Brother Franck makes an excellent point, and one that — as he can explain with more depth than I can — is important in understanding the current divide about what kind of judiciary we ought to have.
The same thing that bothers Matt about the coverage of the vino case struck me in particular in the coverage of the Gitmo detainee cases (especially Hamdi) and all of the sentencing cases that culminated with Booker and Fanfan. In Gitmo, two originalists, Scalia and Thomas, were — so far as I could tell — faithful to their originalist philosophy and yet came out in diametrically opposite places (Scalia emphasizing fidelity to the habeas corpus suspension clause; Thomas the executive’s national security powers). In the sentencing cases, we’ve found liberals parting ways (Ginsberg, for example, siding with Scalia and Thomas’s emphasis on the grand jury and trial rights of defendants; Breyer going with Rehnquist, O’Connor and Kennedy in defense of sentencing schemes that shift power from juries to courts).

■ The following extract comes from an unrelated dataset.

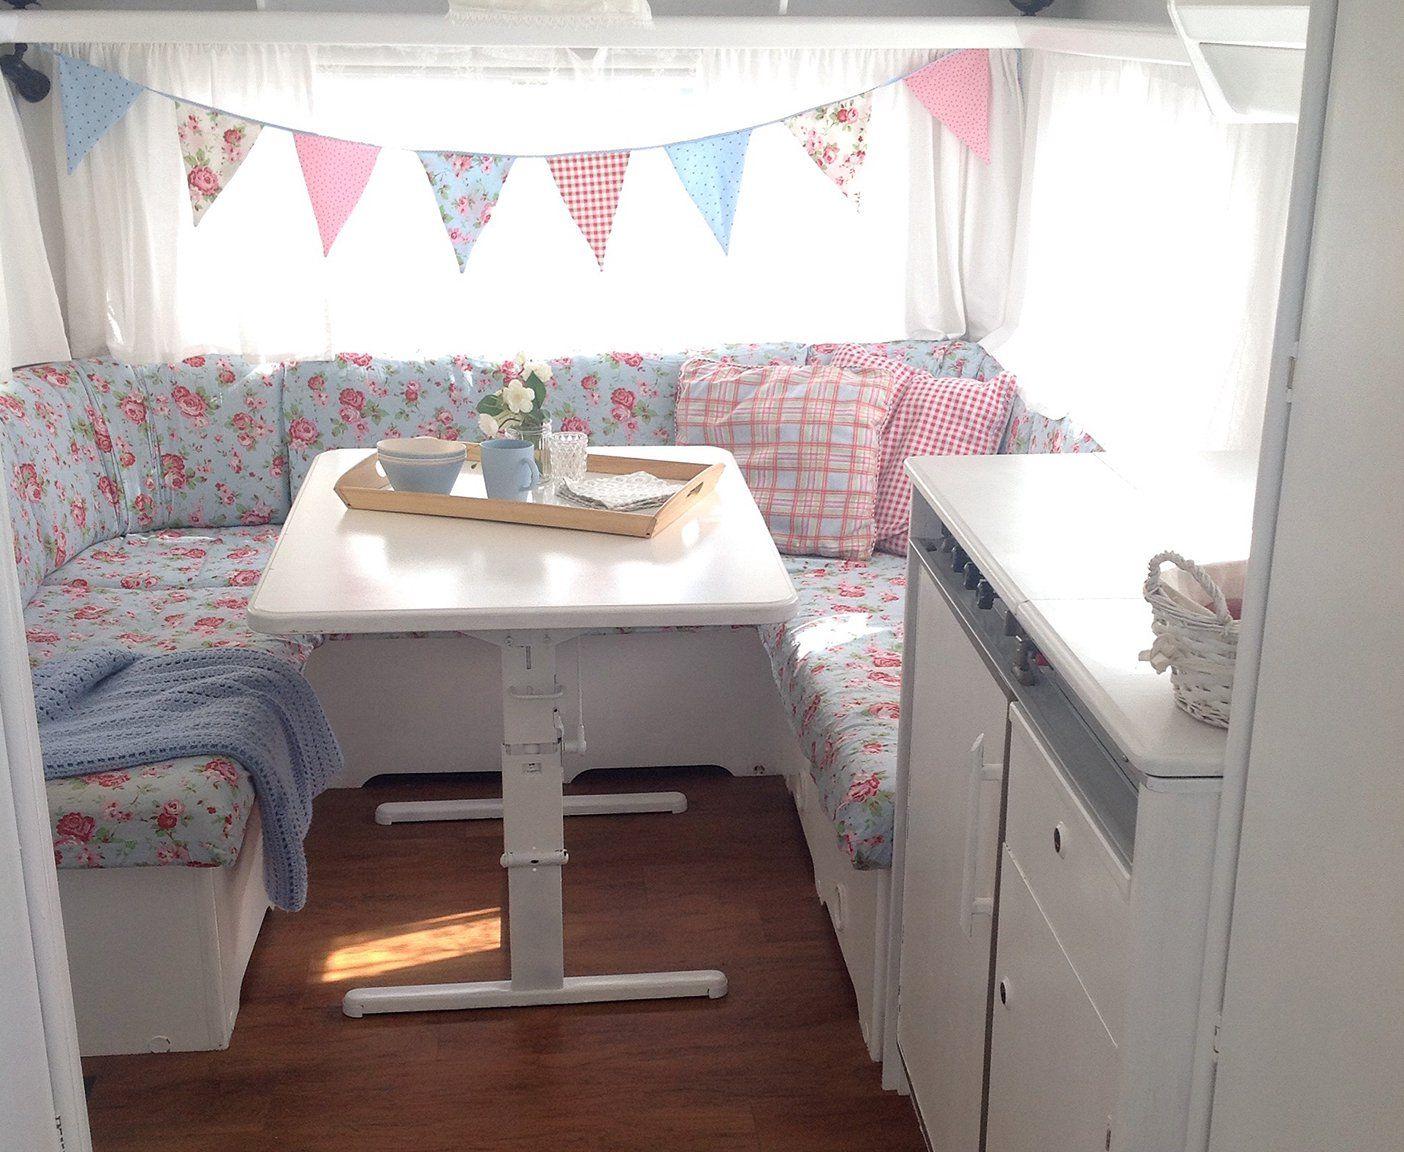 wohnwagen renovieren unsere tipps f r dein wohnwagen makeover wohnwagen pinterest camper. Black Bedroom Furniture Sets. Home Design Ideas

The point here is (at least) two-fold. First, the partisan labels of judges are often not very useful — when it gets down to the brass tacks of cases. Many cases are complex, they don’t present as straight-up cultural or free-market issues, but frequently as a complex mix of substantive and procedural questions. Pigeon-holing these folks as “conservative” or “liberal” is often not a useful barometer for how they will come out in a given case.
Second, and more importantly, it is no slight to judges to say they should content themselves with their actual job, which is interpreting the law as it exists rather than taking a walk on the wild side of policy imposition and judicial legislating. Their actual job is more than difficult enough to do.